Abstract: Objective To explore the efficacy and safety of three sequential hypoglycemic regimens in overweight/obese type 2 diabetes mellitus (T2DM) after short-term intensive hypoglycemic therapy. 
Methods A total of 99 overweight/obese T2DM patients admitted to the Department of Endocrinology of Hai′an People′s Hospital were selected. All patients were treated with continuous subcutaneous insulin infusion (CSII), followed by sequential hypoglycemic therapy after intensive hypoglycemic therapy. They were divided into three groups according to different sequential hypoglycemic regimens, with 33 cases in each group. Group A was given glimepiride + metformin, group B was given subcutaneous injection of dulaglutide 1.5 mg (once a week) + metformin, and group C was given insulin aspart 30 + metformin for a total course of 12 weeks. The body weight, blood glucose and C-peptide levels at 12 weeks after treatment were measured, and the patients′ medication compliance and hypoglycemia within 1 year were calculated. 
Results After treatment, body mass index (BMI) in group A was increased, BMI, and waist to hip ratio (WHR) in group B were decreased, and BMI and WHR in group C were increased (P<0.05). BMI and WHR in group B were lower than those in groups A and C (P<0.05). The levels of fasting blood glucose (FBG) and glycosylated hemoglobin (HbA1c) in the three groups were decreased after treatment (P<0.05), and the levels of FBG in groups A and B after treatment were higher than those in group C (P<0.05). There was no significant difference in HbA1c level and HbA1c compliance rate among the three groups after treatment (P>0.05). The level of fasting c-peptide (F-CP) was decreased and the level of postprandial 2 h C peptide (2 h P-CP) was increased in group B after treatment (P<0.05). The level of F-CP in group B was lower than that in groups A and C, while the level of 2 hP-CP in group B was higher than that in groups B and C (P<0.05). The total compliance rates of patients in groups A, B and C were 70.97% (22/31), 96.77% (30/31) and 83.87% (26/31), respectively. The total compliance rate of patients in group A was lower than that in group B (P<0.05). The incidences of hypoglycemia during sequential treatment in T2DM patients in groups A, B, and C were 19.35% (6/31), 9.68% (3/31), and 48.39% (15/31), respectively, and the incidence of hypoglycemia in groups A and B was lower than that in group C (P<0.05).  

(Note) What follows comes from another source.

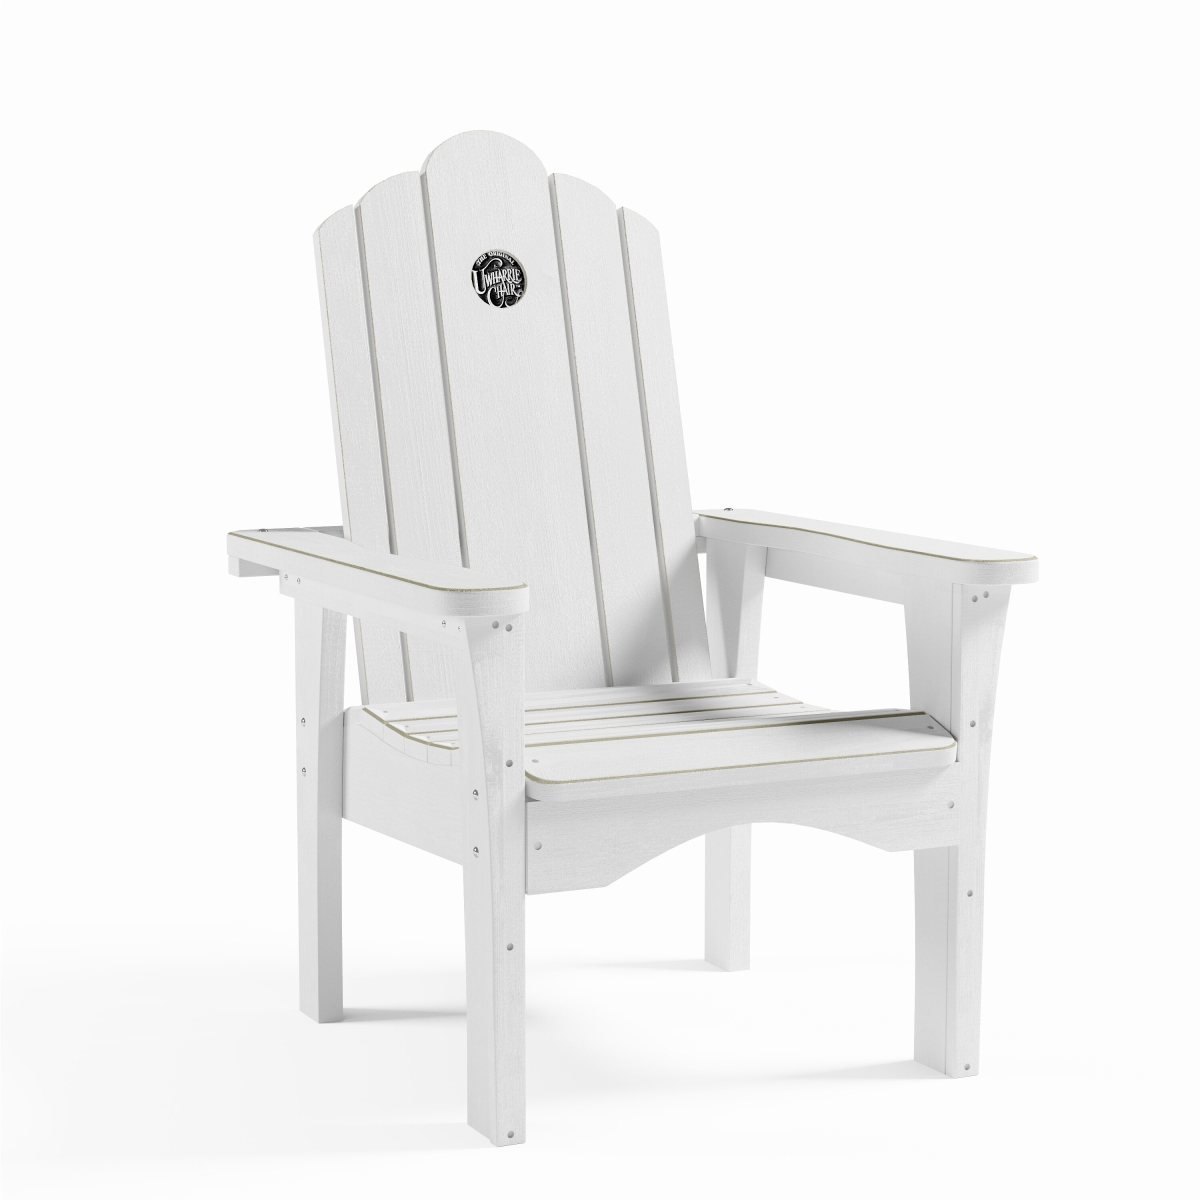 S114-025 Original Wood Lounge Chair, Apple Green Pine - 30.5 X 33.5 X 43.5 In.

Conclusion Compared with three sequential hypoglycemic regimens, dulaglutide combined with metformin has obvious advantages in weight, blood sugar control and improvement of islet B cell function after short-term intensive hypoglycemic therapy in overweight/obese T2DM. In addition, the regimen has higher medication compliance during treatment, lower incidence of hypoglycemia, and higher efficacy and safety. 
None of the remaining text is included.